WHAT NEEDS TO BE DONE = Copy each line, word for word, from the one with "Two 2 Piece" through the final line of the listing, but skip the pictures.

GIVEN DATA =
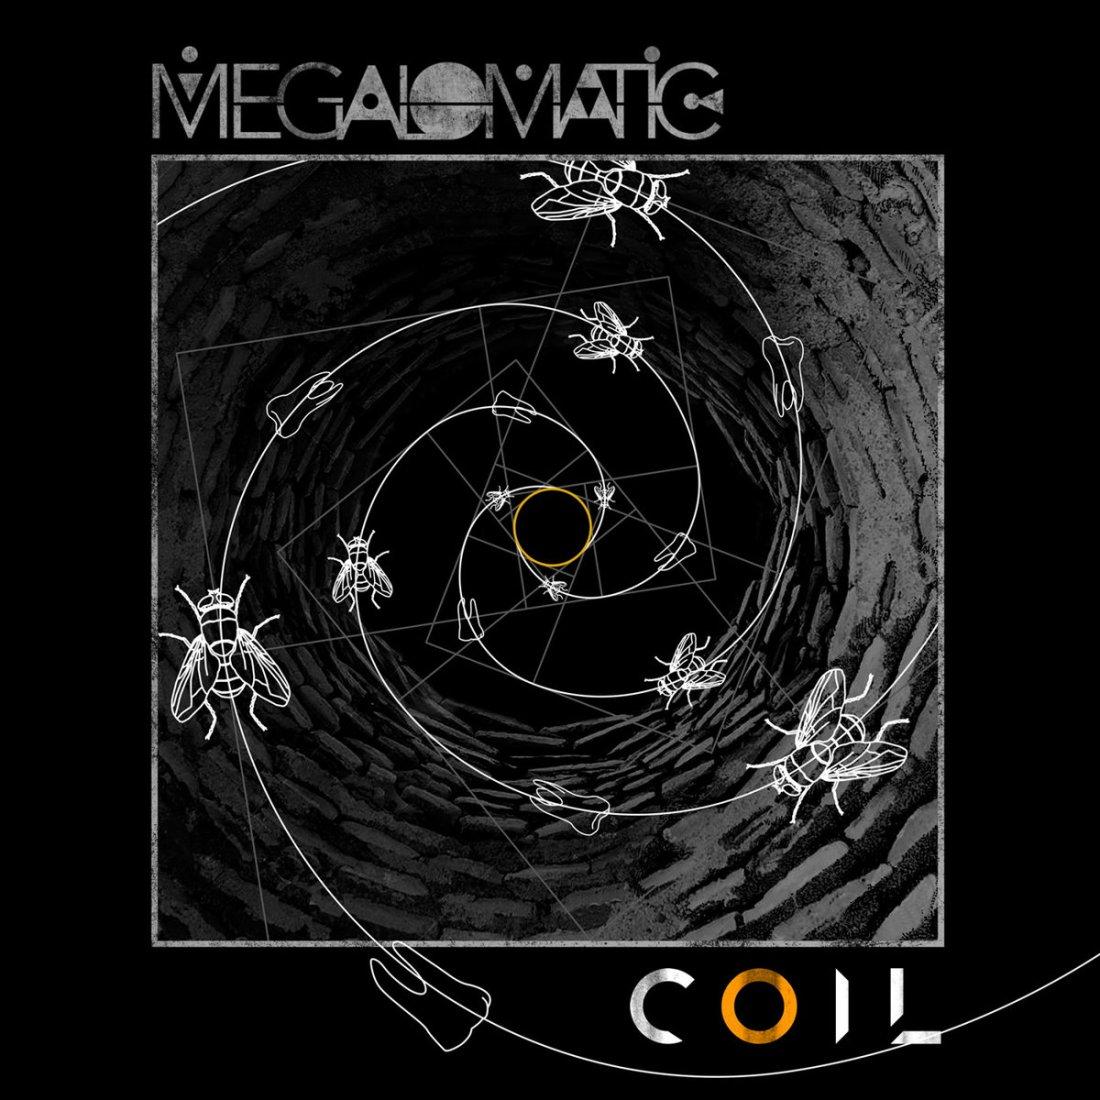 Megalomatic 'Coil' Artwork
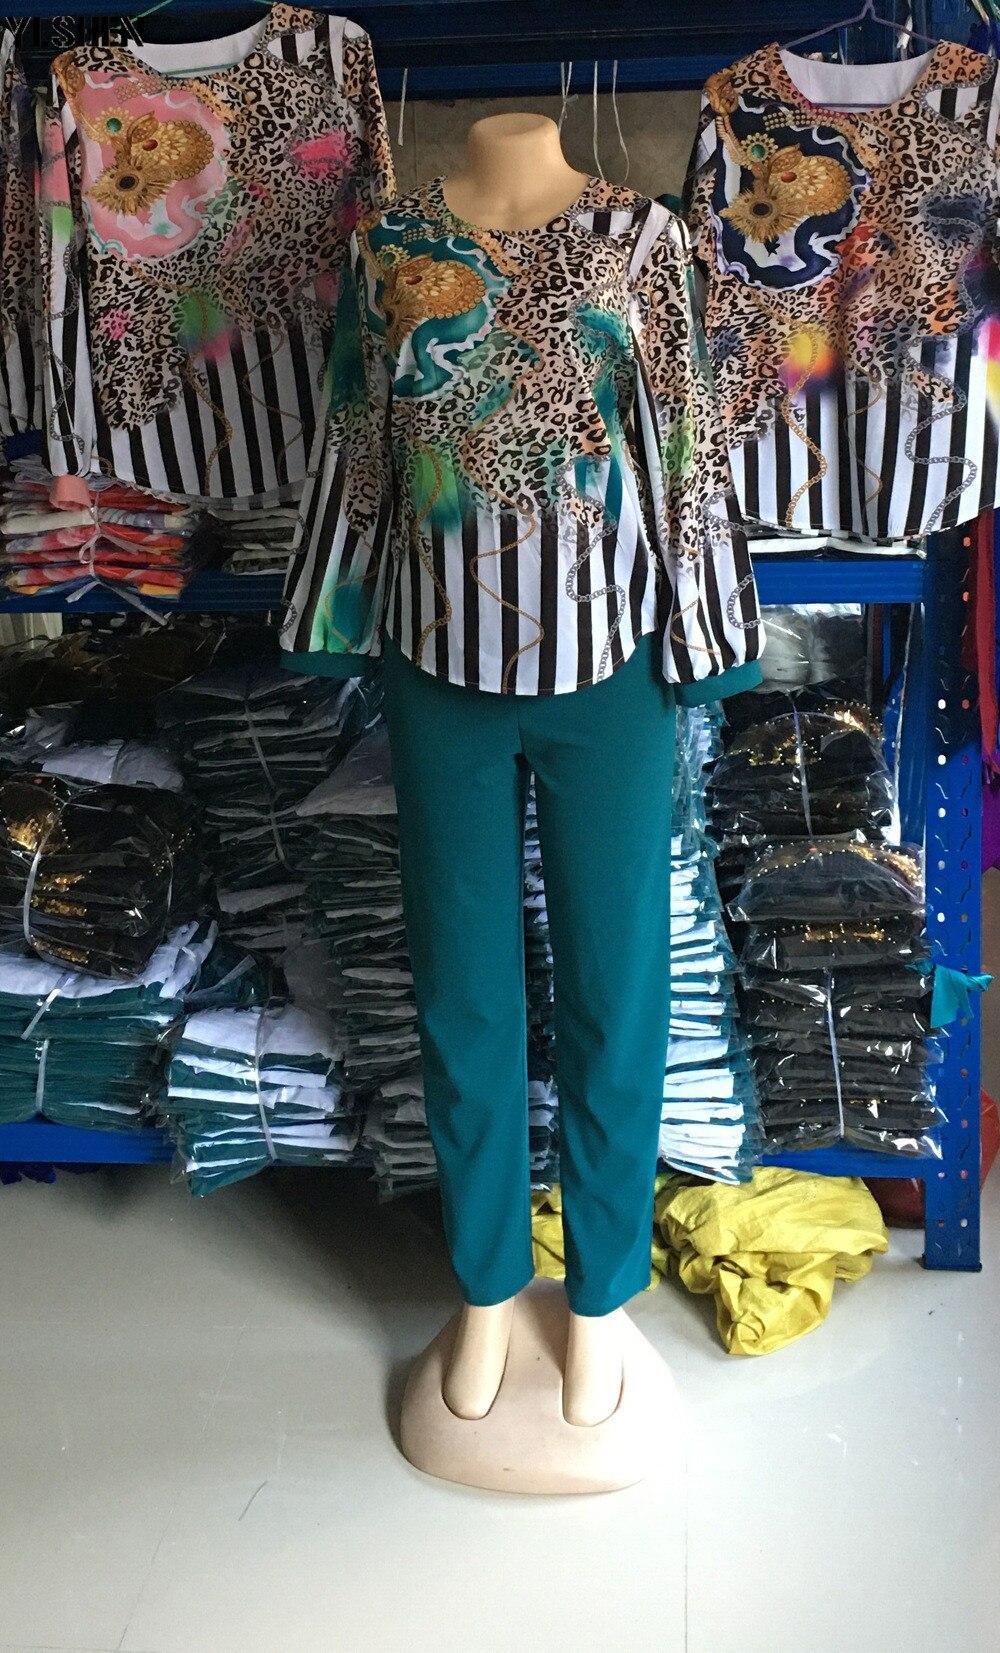 Two 2 Piece Set African Clothes Africa 2020 Dashiki Fashion Print Dresses Suit Bazin Top Pants Elastic Party Plus Size Clothing 12
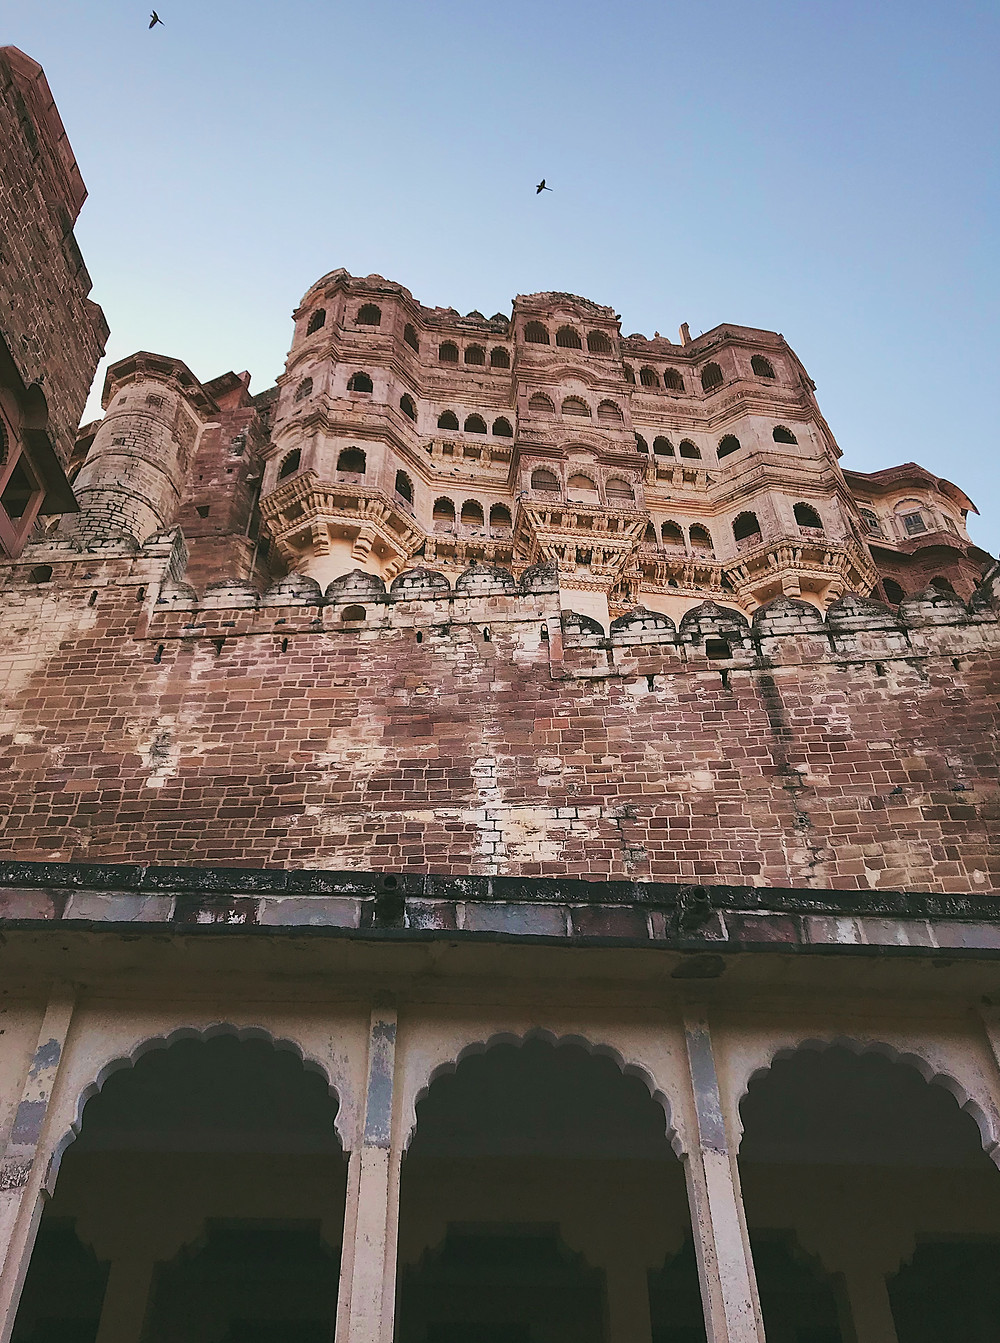 Mehrangarh Fort, an impressive fort in Jodhpur, Rajasthan, India

RESPONSE BELOW =
 Two 2 Piece Set African Clothes Africa 2020 Dashiki Fashion Print Dresses Suit Bazin Top Pants Elastic Party Plus Size Clothing 12
 Mehrangarh Fort, an impressive fort in Jodhpur, Rajasthan, India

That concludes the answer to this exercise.